Friday, February 26, 2016

Paintings of Cuba

The land, the light, city buildings, narrow streets and colors of Cuba were all new to me. The characters, the music and busy crowds grabbed my attention in every direction. Ancient structures crumbled, upright cannons blocked traffic from streets, used booksellers featured old Che Guevera posters and communist history texts, wheelbarrows of used building materials rumbled by.

Painting was almost an afterthought. I was distracted and entranced by so much that I often neglected to take photographs, instead partaking in my experiences wholeheartedly. Here are four of my finished works, each one an effort to keep my feet from dancing to the constant music and another effort to control my quivering hand after too much delicious and very strong Cuban coffee.
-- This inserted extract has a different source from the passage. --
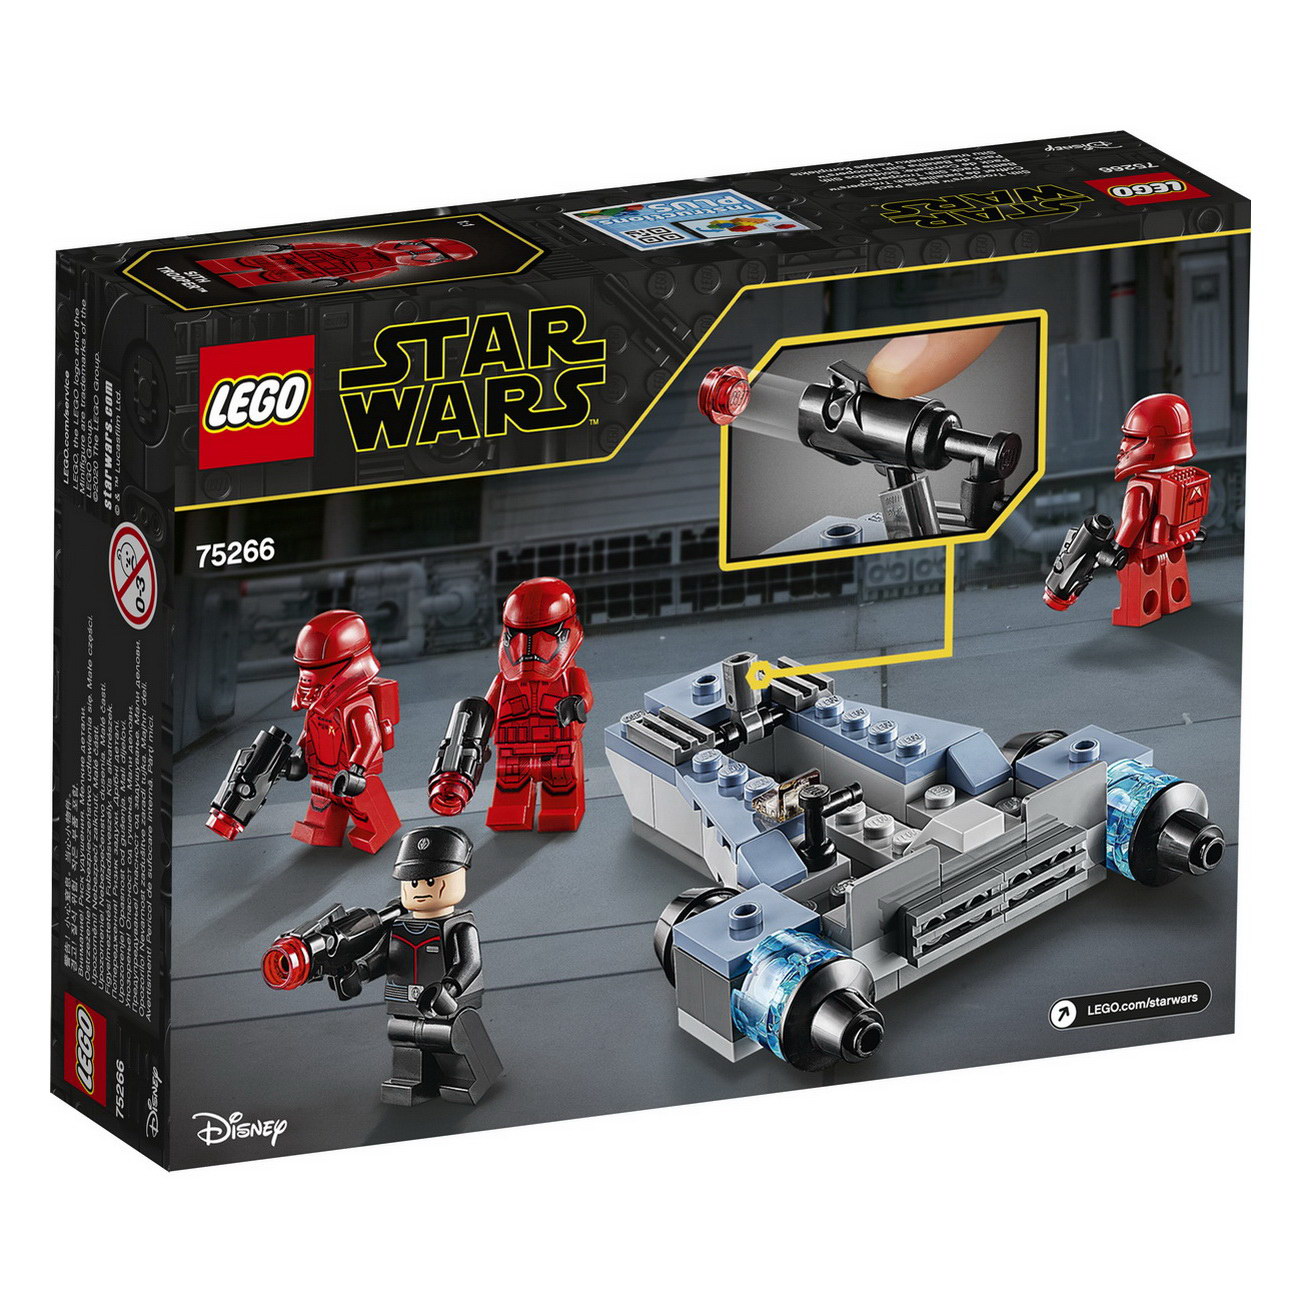 LEGO Star Wars - Sith Trooper Battle Pack (75266)

If you want to know where caffeine comes from, go to Cuba.

In the Shade of a Colonnade, Havana 12x9 oil on canvas ©2016

Crumbled Chapel, 12x9 oil on birch panel ©2016

In the storm, Old Fort in Cojimar, 12x16 oil on birch panel ©2016

There's a Missile in There, 5x7 oil on Arches Huile ©2016

Painting Buckhorn in Winter

 The warmth of the afternoon sun faded to cool shadows of sunset (in the photo) on the January day I painted out at Buckhorn on Grand Island. It was a pleasure to face the sunlight on a January day, no breeze and not so cold that the paints did not freeze to glue.
January Afternoon, 9x12 oil on birch, ©2016

The flavor of Cuba

A whirlwind decision to join the Publisher's Invitational from Plein Air Magazine landed me in Havana Cuba in early February (see December 5 post). Astounded by the great need there for the simplest of items I post these photos to show the resilience of Cubans, a bit of feeling for the countryside. These were taken during a visit to Jaimanitas west of Havana on the shore and location of an important and enterprising ceramic tile artist, Jose Fรบster. He used tile to decorate 50 local homes and an expanded complex at his home studio. It made the town dance with color and bring in tourists by the busload, allowing neighbors to sell their crafts, mostly paintings, and have a few vendors for cold drinks and simple lunches. The horse and cart are a common means of transportation and probably a sign of affluence, there were few cars in the town, mostly taxis or bicycle rickshaws. Foot traffic is the major mode of travel wherever I went.

This last one may be a painting reference one of these days. Love this 'hole in the wall'.